3- Éthique : un « défi sérieux »

« Les risques de conflits dans l’exercice de ces deux fonctions sont sérieux », a écrit Jacques Saint-Laurent, le commissaire à l’éthique et à la déontologie de l’Assemblée nationale.

Martine Ouellet utilise le néologisme d’activités « transparlementaires » pour justifier ses deux chapeaux, celui de députée à l’Assemblée nationale et de chef du Bloc québécois au fédéral. Elle est persuadée que « ce sera un avantage d’avoir un pied au Québec et au Canada ».

Les critiques ont toutefois été nombreuses, tant chez ses adversaires qu’au sein de la famille souverainiste.

« Député, ça demande du travail à plein temps, chef de parti également. Et quand c'est dans les deux parlements, je ne vois pas comment c'est possible », a affirmé l’ex-chef bloquiste Gilles Duceppe.

Le chef intérimaire du Bloc, Rhéal Fortin admet aussi qu’il aurait « préféré qu’elle n’occupe pas les deux fonctions ». Le premier ministre Philippe Couillard « trouve ça surprenant de voir qu’on envisage d’utiliser des budgets de l’Assemblée nationale pour financer une activité politique sur la scène fédérale. »

Le député péquiste Pascal Bérubé a quant à lui laissé entendre que le Bloc tentait de trouver une solution pour qu’elle soit chef à temps plein. Ses adversaires auront à l’œil les demandes de remboursement qu’elle fera à titre de députée pour ses déplacements, pour s’assurer qu’elles n’ont aucun lien avec son rôle au Bloc.

4- Trouver de l’attention

« On nous a désigné le vestiaire pour tenir nos réunions », racontait le député bloquiste Louis Plamondon, l’année dernière.

Le Bloc québécois n’est pas reconnu à la Chambre, il n’a donc pas de place dans l’antichambre aux Communes.
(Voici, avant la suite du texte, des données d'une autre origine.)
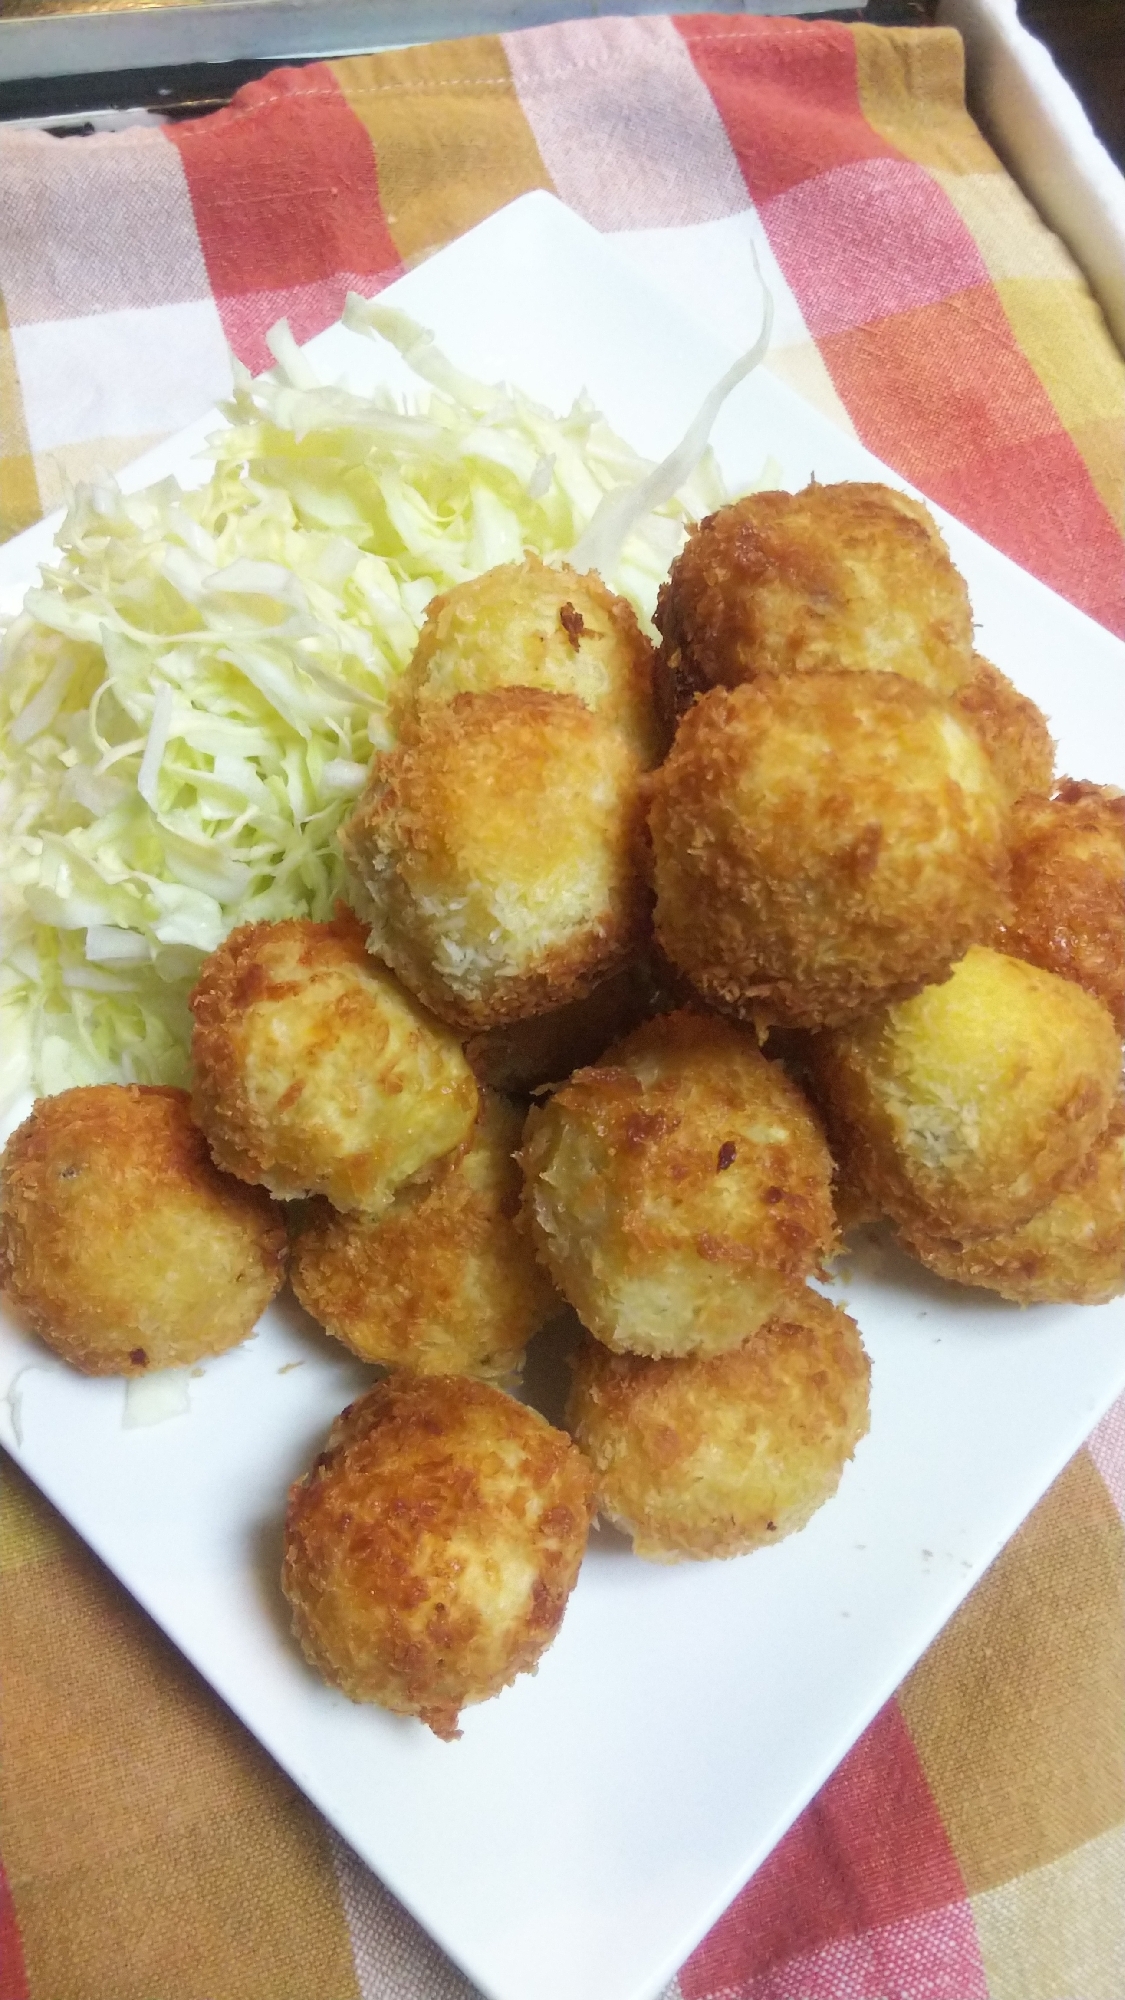 コロコロ☆さつま芋コロッケinチーズ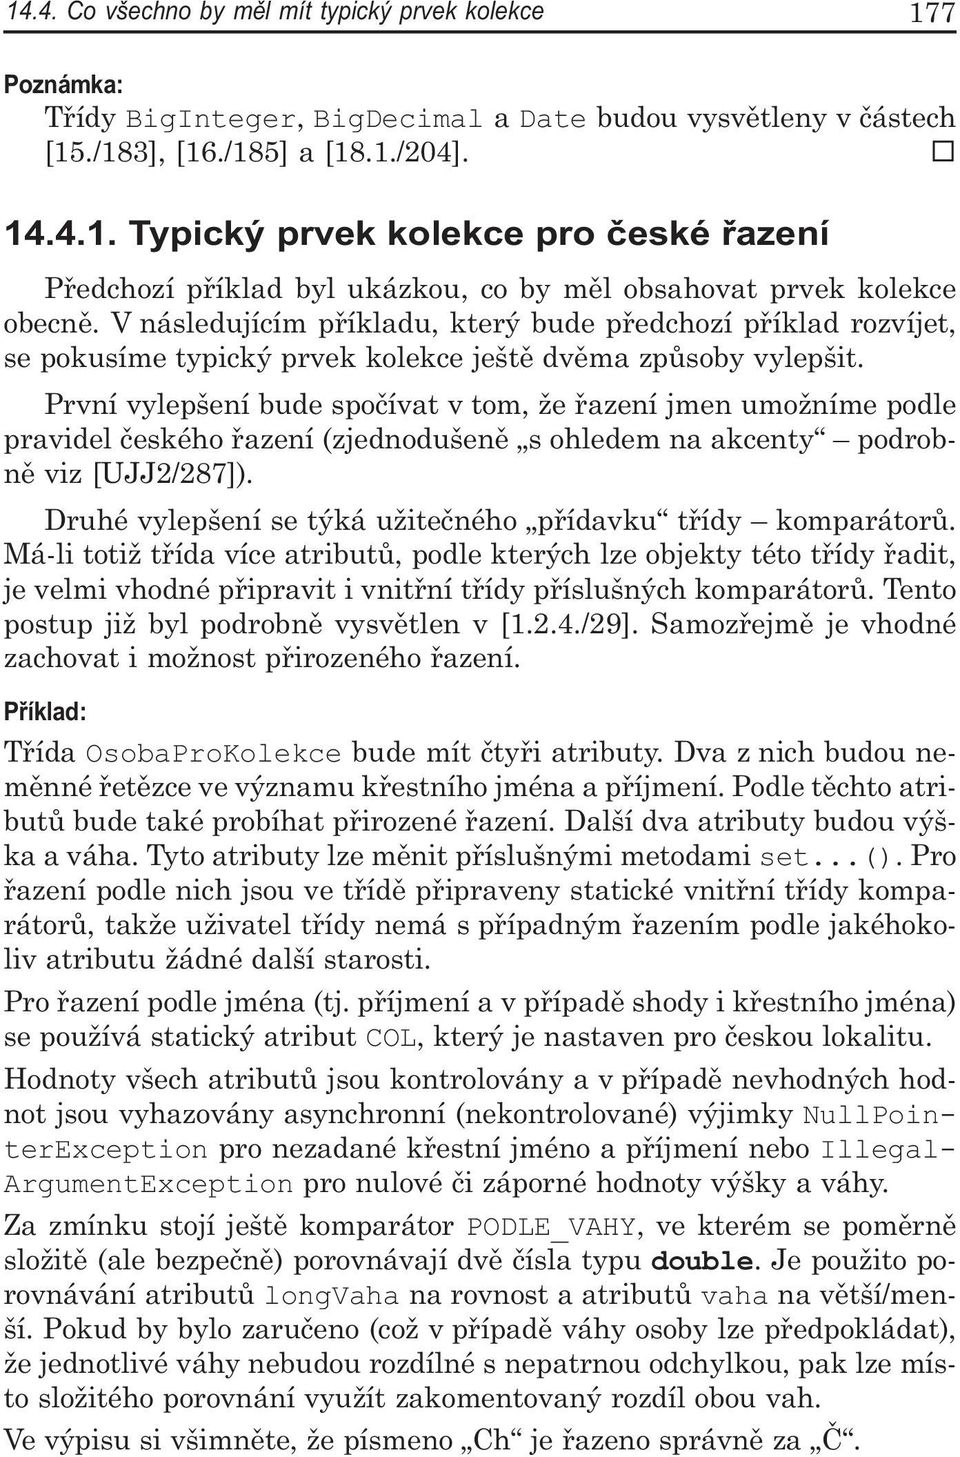 První vylepšení bude spočívat v tom, že řazení jmen umožníme podle pravidel českého řazení (zjednodušeně s ohledem na akcenty podrobně viz [UJJ2/287).

En plus d’être confinés au vestiaire, les députés bloquistes ont un nombre très restreint de questions chaque semaine et ne siègent pas aux comités.

Difficile donc d’obtenir de l’attention médiatique, surtout qu’avec leurs dix élus, ils forment le quatrième caucus de députés québécois. Deux des prédécesseurs de Martine Ouellet qui n’étaient pas élus à Ottawa ont aussi eu de la difficulté à obtenir une grande couverture médiatique. Pourtant, Daniel Paillé et Mario Beaulieu étaient chefs à temps plein.

Mme Ouellet devrait être à Ottawa les lundis, à l'Assemblée nationale les mardis, mercredis et jeudis et dans sa circonscription en banlieue de Montréal les vendredis, samedis et dimanches.

Martine Ouellet pourra toutefois compter sur sa présence à l’Assemblée nationale pour obtenir une plus grande visibilité. Toutefois, lors de sa première action « transparlementaire », elle a dû principalement se défendre d’avoir publié un communiqué avec les deux logos de l’Assemblée nationale et du Parlement, plutôt que de répondre aux questions.

Le député bloquiste Xavier Barsalou-Duval devait lui aussi tenir un point de presse à Ottawa, mais n’a finalement jamais parlé aux journalistes.